I didn't realize how could be made a machine translation until I found Apertium, I thought that translators as google translate would be made using really huge dictionaries, sorted in a smart way to get them searching really fast. But once I found Apertium I can't let go the oportunity of contribute in a international project where I can learn as more as possible from a new field

Why Google and Apertium should sponsor it?[edit]

I think the part of the project I'd like to work on would be one of the most important ones in order to get new people participating and colaborating on the project. Once the interfaces will be finished, usual users will be able to contribute getting more accuracy translations

How and who it will benefit in society?[edit]

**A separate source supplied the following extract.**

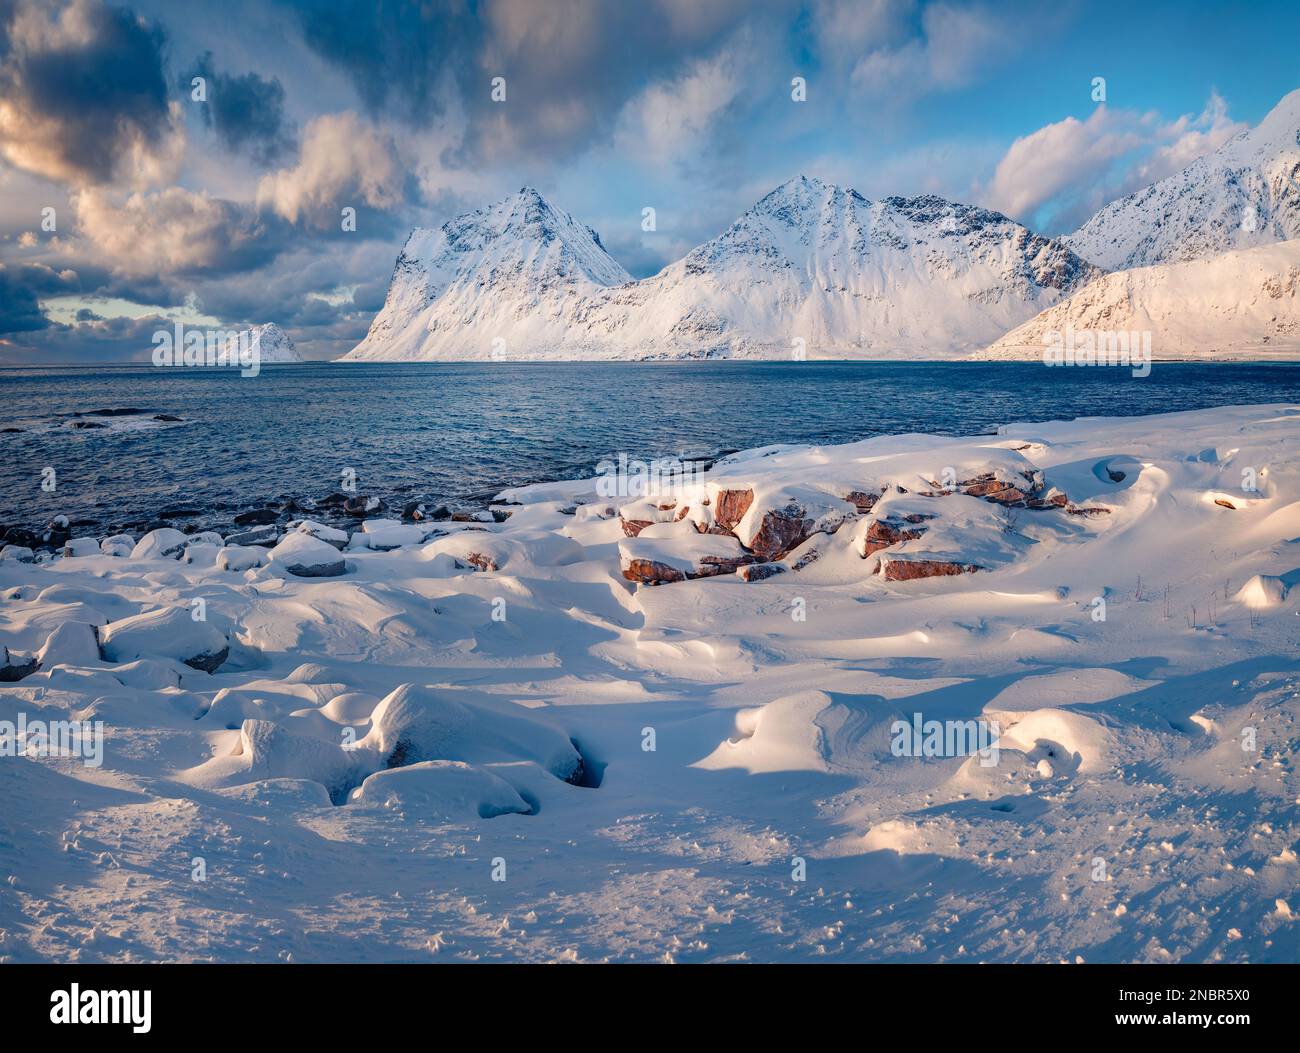 Kalter Wintertag auf den Lofoten-Inseln, Norwegen, Europa. Majestätische Outdoor-Szene von beliebtem Touristenziel - Skagsanden Beach, Flakstadoya Island. Beau Stockfoto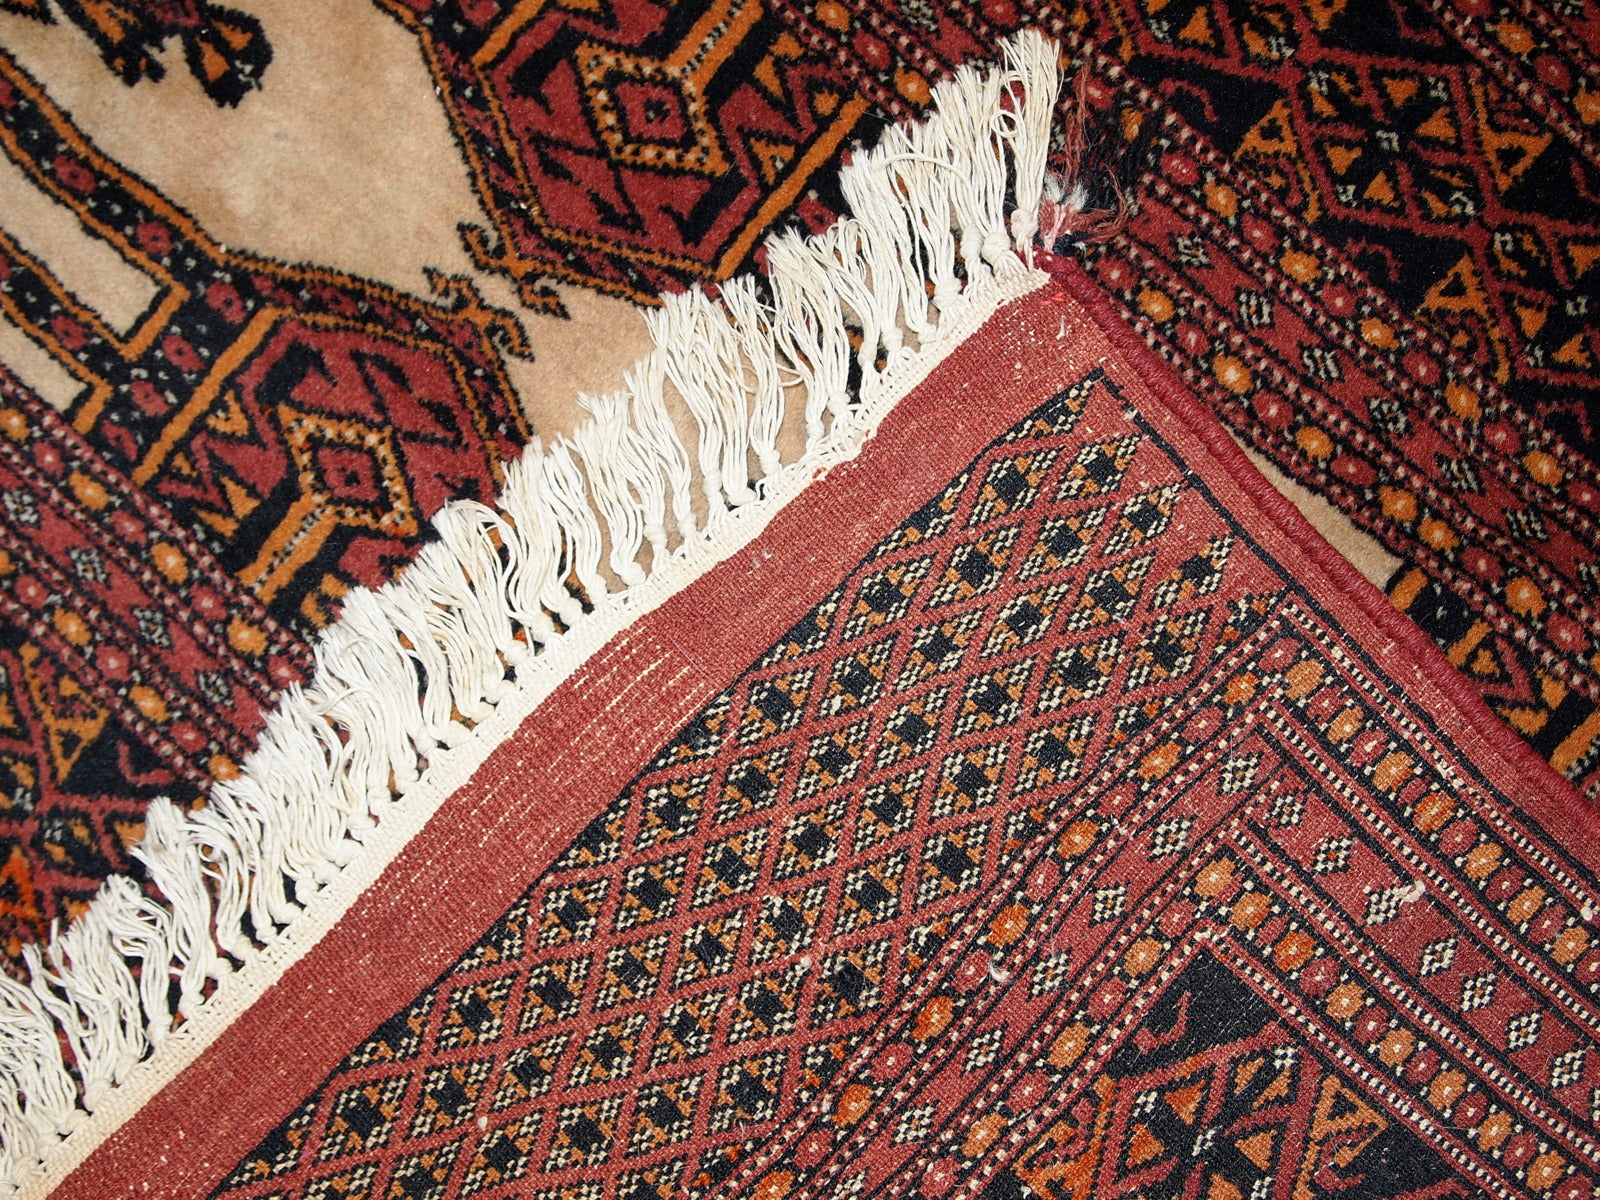 Back View of Vintage Turkmen Rug - Shows Underside

Having more friendly user interfaces to training and tagging corpora, will improve the translations quality using them, and from other approach getting the dump wikipedia files translated, the society will get a lot of benefit getting more wikipedia entries translated into their mother tongue

Coding Challenge[edit]

I have finished the Coding Challenge (and I have send the "PCRE error" to the mail list) I have the code and the readme with all the instructions and explanations in my github repo

code-challenge

Bio[edit]

My name is Oscar Ramirez (tuxskar on the IRC), I'm on 5th year student in Computer Science Engineering at Malaga University (Escuela Tecnica Superior de Ingeniería Informática de Málaga) I finished my bachelor in computer Science (oriented to systems) almost 2 years ago

I have work on a few open source project using C, Python, Django, PyGTK, Android and Arduino but the most important here is the last one. I'm developing a lawyer's office manager on PyGTK (here is the code on github and also on PyPi PyPi)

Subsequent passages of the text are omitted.